If that doesn't work for you, you can make your own for a couple dollars if you are handy with a soldering iron. I've made and use four with the included schematic. 

See pics below:


----------



## barnmichael (Jan 2, 2008)

Posted By calenelson on 07/12/2008 11:26 AM 
hey man this may help? 
http://www.aristocraft.com/techinfo/manuals%20pdf/11091reversingunit.pdf

I had found this document before, but was slightly confused. It describes using insulated rail joiners and diodes, but only for the 11091 model. As mine is the 11090 version, I did not know what the difference between the two was. It looks like I'll just have to find some diodes and insulating joiners and try it out.

Thanks for the diagram, Todd. Maybe I'll give that a try if the box doesn't work out.


Thanks, 
Michael


----------



## Torby (Jan 2, 2008)

Yup! That's what it does. There are 2 of those at the Chicago Botanic, one runs the cog railway and the other the ladybug.


----------



## Guest (Jul 12, 2008)

seems the one you have was more of a set (bumpers and such included)?


----------



## barnmichael (Jan 2, 2008)

I discovered that after a little more research. The 11090 is a set which includes end bumpers and re-railers with built-in diodes. With the 11091, you get just the box. In my case, I got just the box, so I'll have to put my own diodes in. No big deal.

Thanks for all the comments.


----------



## Dan Pierce (Jan 2, 2008)

Make sure those diodes are 3 amp 50 volt as that is the minimum suggested for ourlarge trains.


----------



## chrisb (Jan 3, 2008)

I'm interested in building a reversing unit from the schematic in this thread. Is there enough info describing the components to go to RS and buy them?


----------



## krs (Feb 29, 2008)

Posted By chrisb on 09/30/2008 12:48 PM
I'm interested in building a reversing unit from the schematic in this thread. Is there enough info describing the components to go to RS and buy them? 

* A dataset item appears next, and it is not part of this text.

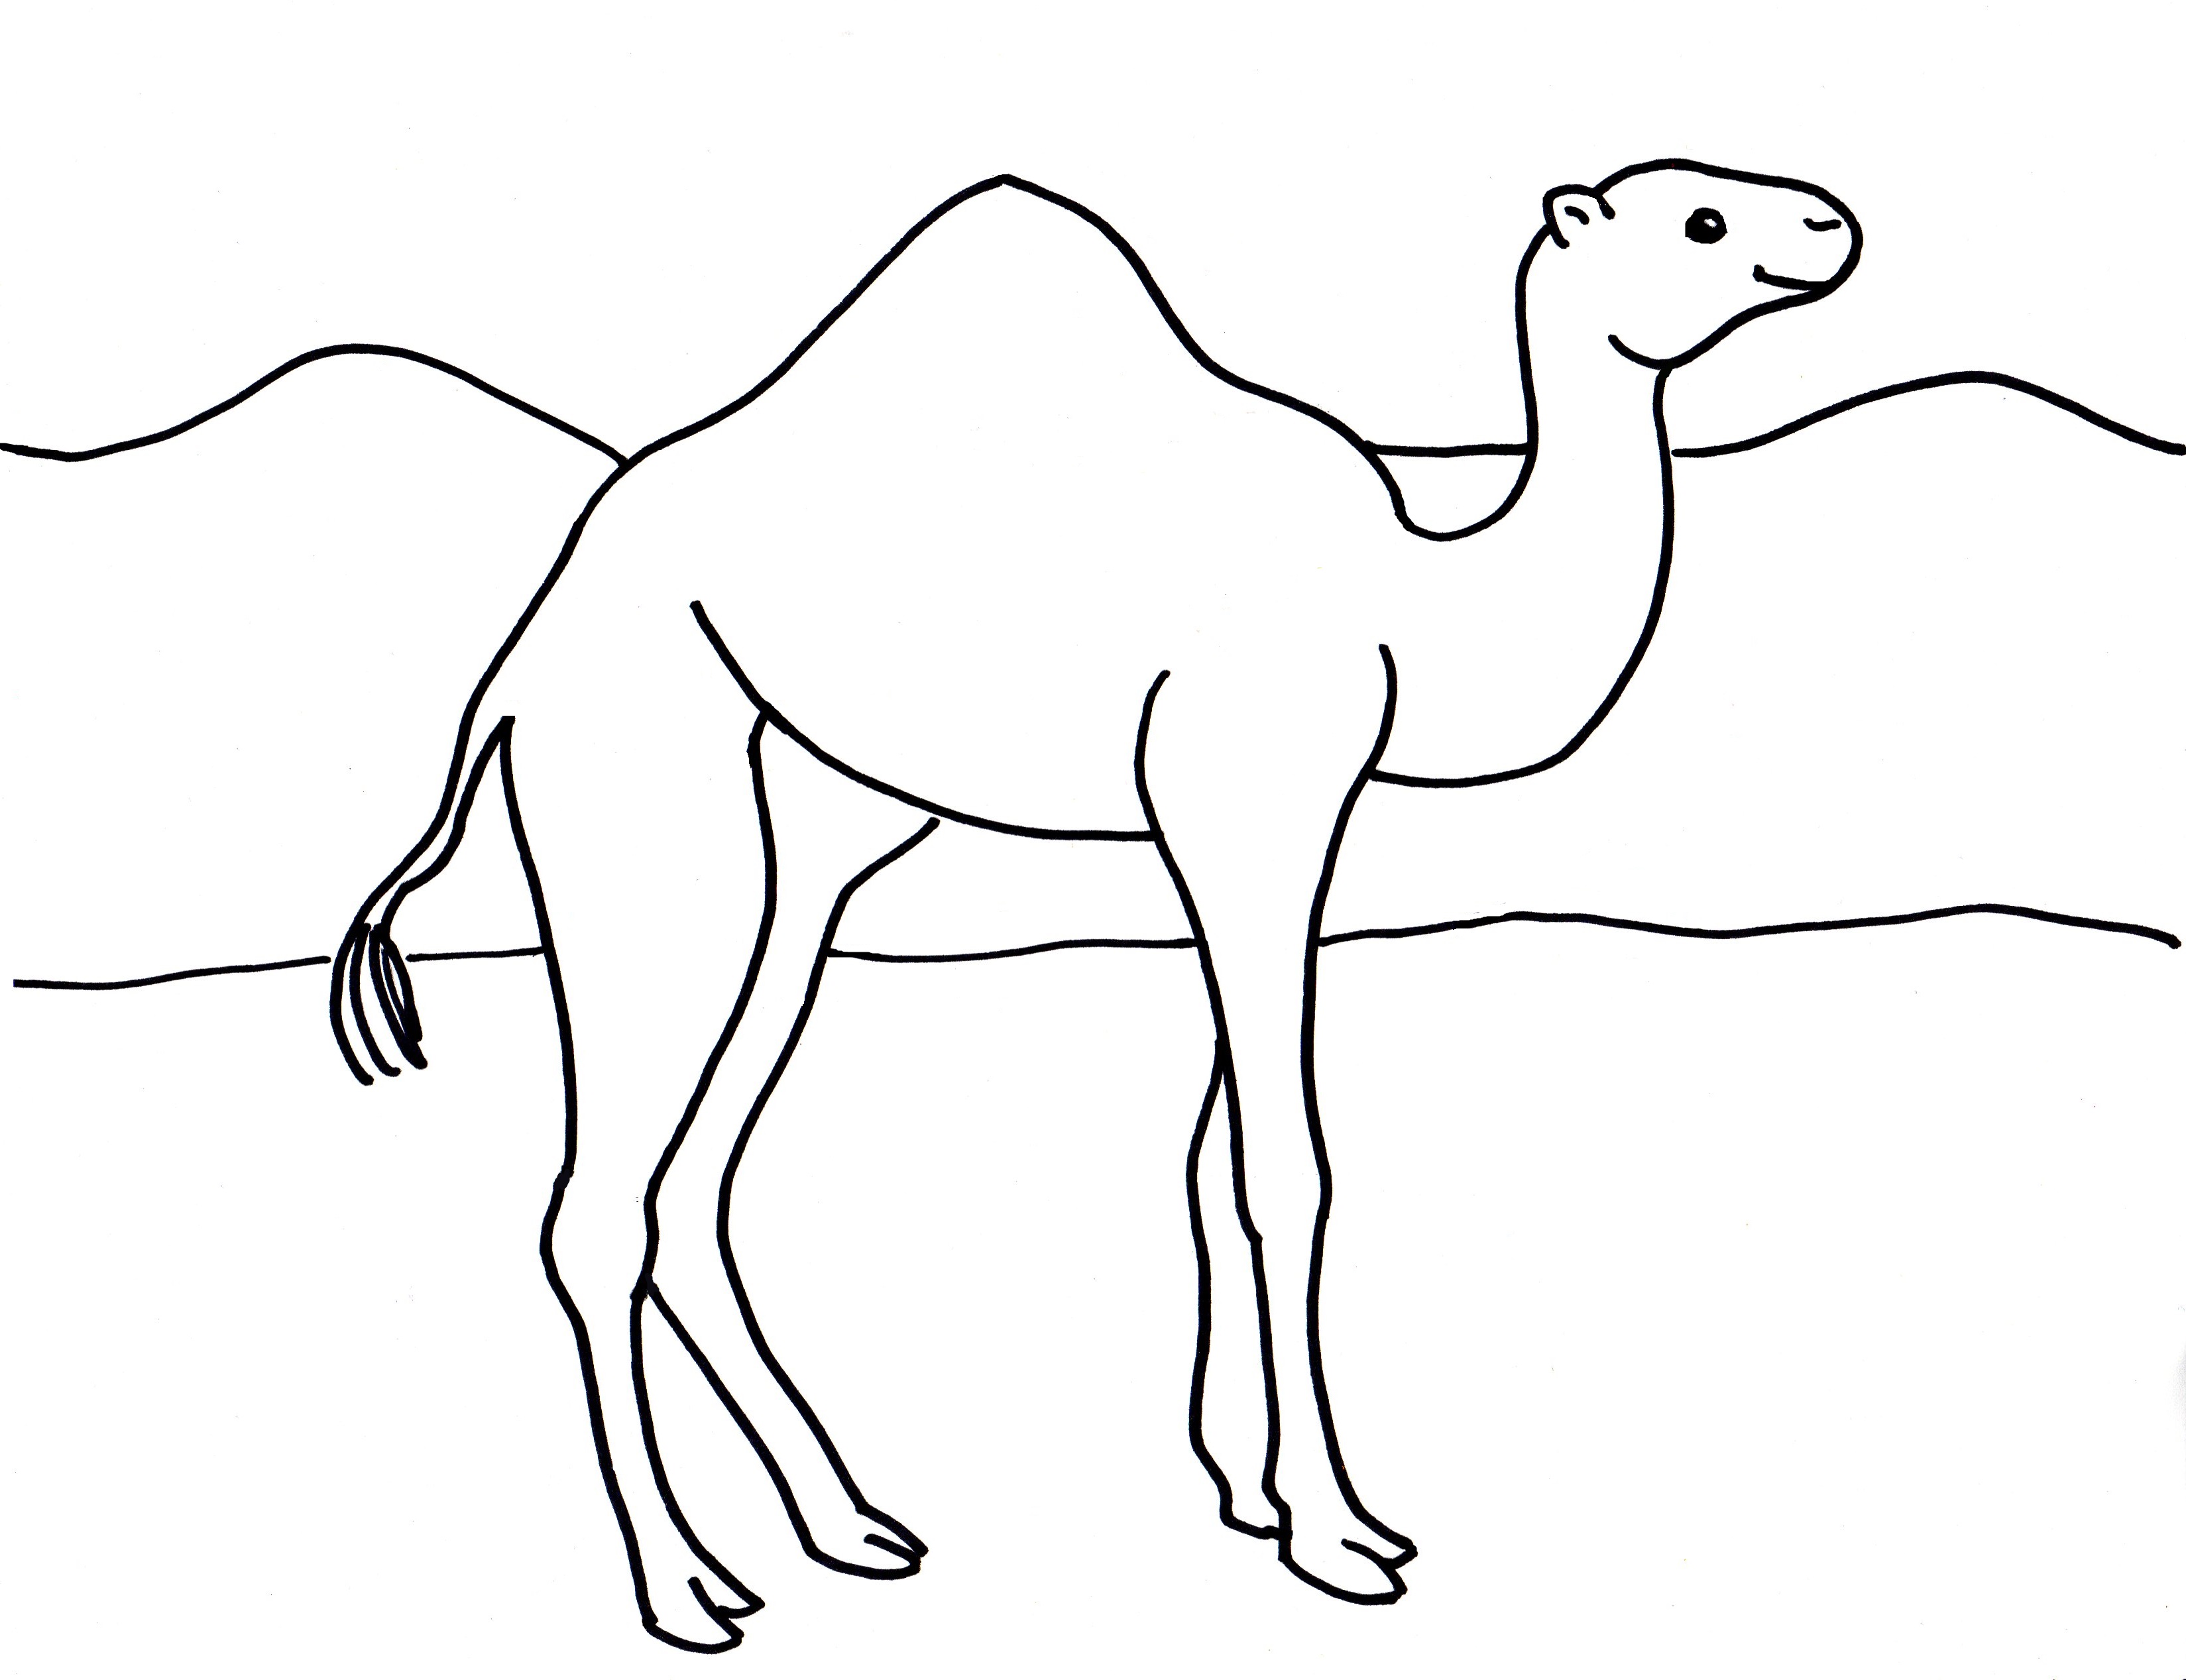 camel-coloring-page-art-starts

If you know a bit about electronics - yes.

This schematic is just a basic multivibrator using a 555 timer. You can find that circuit on the net as well as the formula to calculate the values of the capacitor and resistor for any timing interval you want.

I would add a protection diode across the relay coil or the back emf could kill the 555 timer; also the relay has to be sensitive enough to be driven by the 555 timer and the relay contacts have to be robust enough to switch the track current.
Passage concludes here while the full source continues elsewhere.